This repo contains code examples and description of ways how to compress FESOM data. For now we consider only netCDF compression, but leaverage new capabilities, that become available in netCDF 4.9.0.
- In netCDF 4.9.0 support for new compressions (fast an efficient) were added.
- To use it one have to install latest netCDF and couple of other libraries, since, for example
levante
do not have them in their modules. Good news is that it's easy to do it with conda. - To work with compressed data in python (e.g. xarray) one also have to upgrade netCDF and install one or two libraries, but it should work smoothly.
- All result in up to 50% data reduction and improve the speed of parallel data processing, so probably worth the effort.
You should have your own installation of conda/mamba. It might work with conda provided by HPC, but I never tried it, so no garantee.
conda env create -f requirements-compress.yaml
will create compression
environment for you, that you should activate with:
conda activate compression
Now we have to setup a path to HDF plugins installed through hdf5plugin
library. In my case the path looks like this:
export HDF5_PLUGIN_PATH='/work/ab0995/a270088/mambaforge/envs/cc/lib/python3.10/site-packages/hdf5plugin/plugins/'
Simple way to find out where your hdf5plugin
library is installed is to run:
python -c "import hdf5plugin; print(hdf5plugin.__path__)"
Now you hopefully have everything set up. We are going to use simple nccopy
to perform the compression. To compress using zstd
:
nccopy -4 -F '*,32015,3' input.nc output.nc
The -4
means the output file will be netCDF4 format, and cryptic numbers after -F
is actually your compression format. Here is the link to Information on Registered Filter Plugins. The *
at the beggining means we compress all variables, so if you want to only compress one of them (e.g. ignoring coordinate variables), you can do 'salt,32015,3'
So far we worked with:
*,32015,3
- zstd better compressions, a bit slower*,32004,0
- lz4 a bit worse compression, but faster
There is a lot of work to explore what options could be better, but for now those two seems like a good starting point.
On 12 years of CORE2 data, results are:
Uncompressed | lz4 | zstd |
---|---|---|
63.6Gb | 40.87Gb | 36.67Gb |
We diecide to go for zstd
for now, while lz4
is something to explore as well.
For 13 years of 3M D3
mesh:
Uncompressed | zstd | ratio |
---|---|---|
2139Gb | 1327Gb | 0.62 |
Additional thing you can do is to provide chunking options, like this:
nccopy -4 -c 'salt:5,5,10000' -F '*,32004,0' input.nc output.nc
This should improve your post processing, but we have to test it still.
You can use the compress_data.sh
script from this repo.
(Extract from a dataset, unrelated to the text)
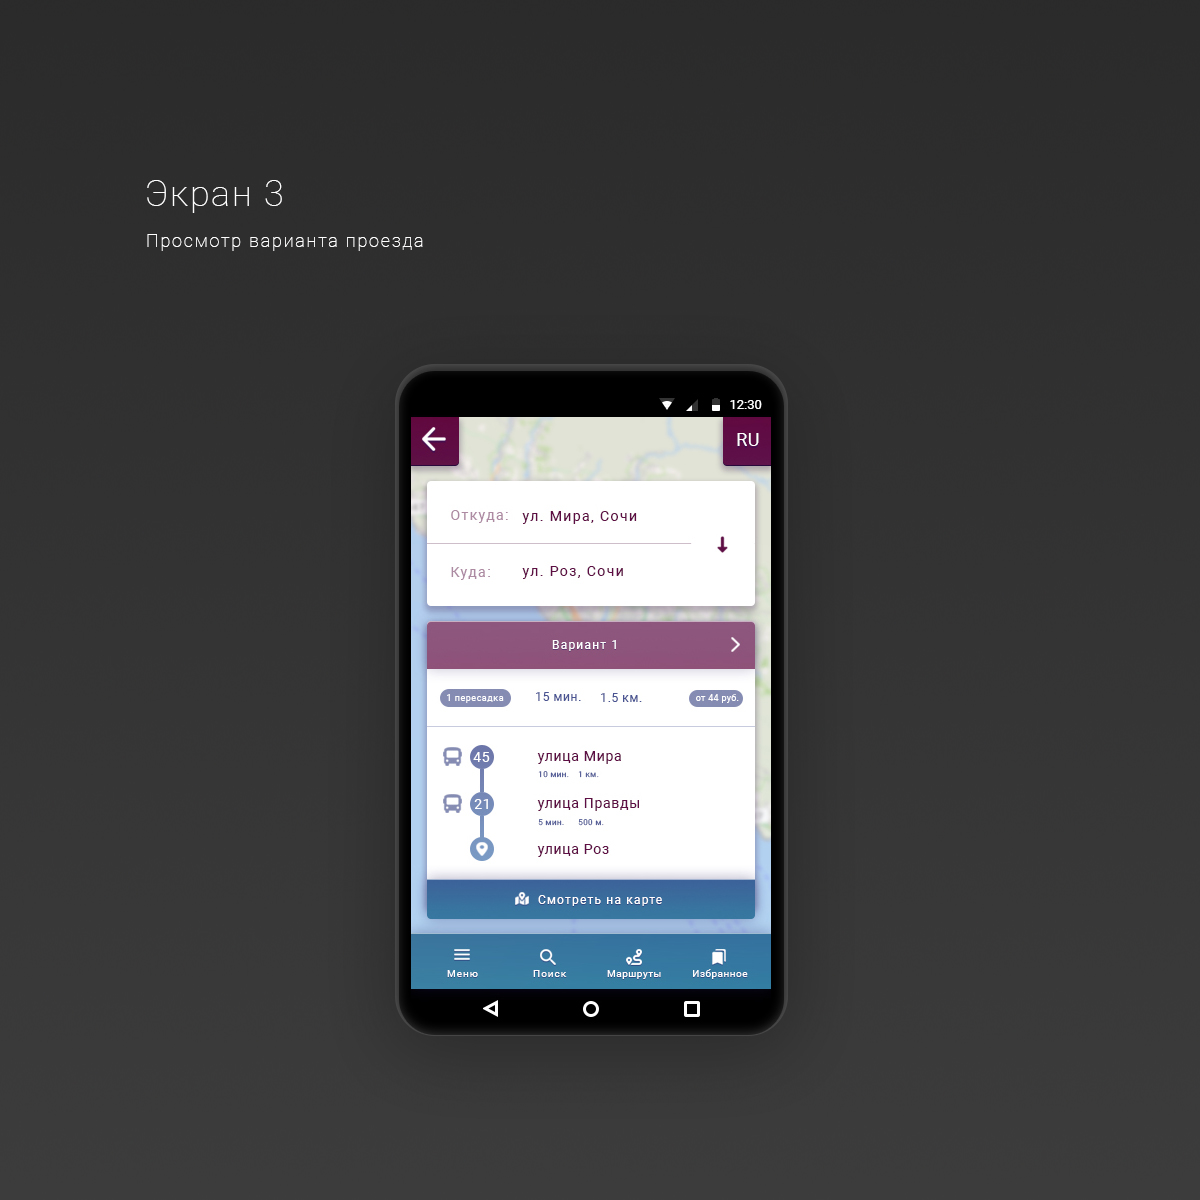 Дизайн-концепция мобильного приложения (3 экрана) фото f_6425b7da10fd3944.jpg

It will simply convert all *.nc
files from one folder to another. The usage is:
./compress_data_parallel.sh /INPUT/FOLDER /OUTPUT/FOLDER/ zstd 1
Options are zstd
and lz4
, the last argument is the number of parallel processes, that will be handled by GNU parallel
Runing it in parallel seems to work pretty well - we can compress 13 years of D3 in just 7 minutes with 50 precesses. But PLEASE use compute nodes to do this, people on login nodes will thank you. On levante you can allocate ineractive session like this:
salloc --partition=compute --nodes=1 --time=03:00:00 --account abXXXX
Of course using batch mode is even better.
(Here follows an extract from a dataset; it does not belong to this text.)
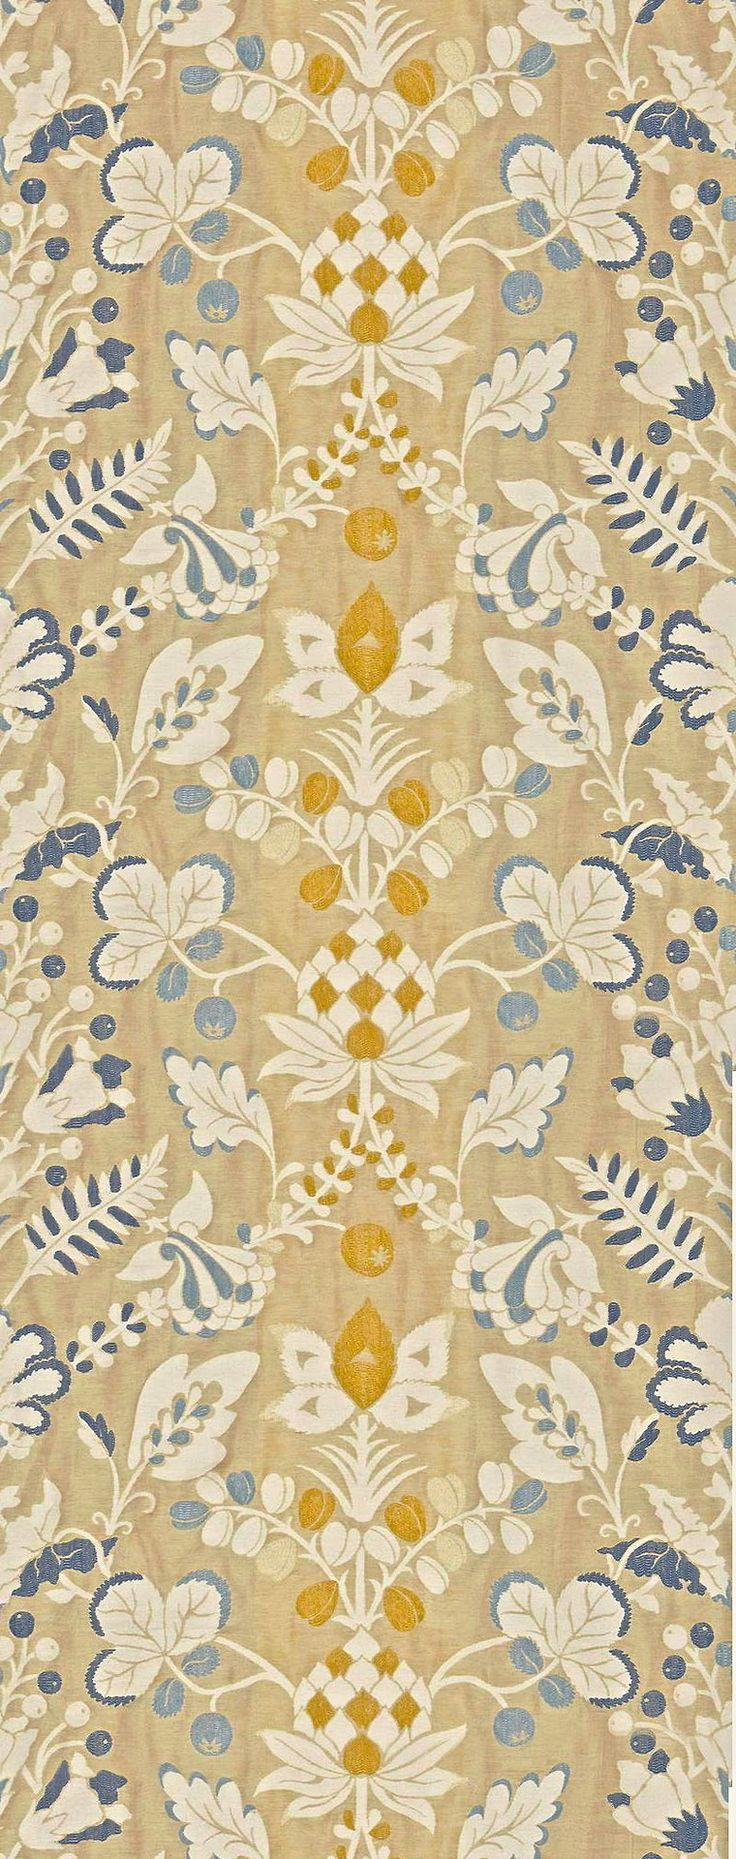 F Schumacher Fabric Ideas For The House Pinterest

Although there are some simple checks done in the script, checking if everything is fine before deleting your original data is on you! :)
We are working on more advanced solution, that will allow you have more control over how you compress your files, but it is still very much work in progress
With command line utilities things seems to work fine as long as you have HDF5_PLUGIN_PATH
pointing to the right place.
To make it work in xarray, you should add import of hdf5plugin
to your scripts:
import xarray as xr
import hdf5plugin
data = xr.open_mfdataset('./salt.fesom.*.nc')
data.salt[0,0,0].values
>> array(33.12693892)
With dask you should add one more trick to make it work, when create the cluster:
import xarray as xr
import hdf5plugin
from dask.distributed import Client
import dask
client = Client(n_workers=40, threads_per_worker=1, memory_limit='5GB')
client.run(hdf5plugin.register)
Test of 13 years of dask powered (40 workers, 5Gb each) TKE computation (tke = 0.5*(uu+vv)
) for monthly D3
data, show that with uncompressed data it takes 4 minutes, while with compressed (zstd
) only 3m 20sec. So there is no degradation in compute time, but rather improvement.
Nikolay Koldunov, with great help of Suvarchal Cheedela and Fabian Wachsmann.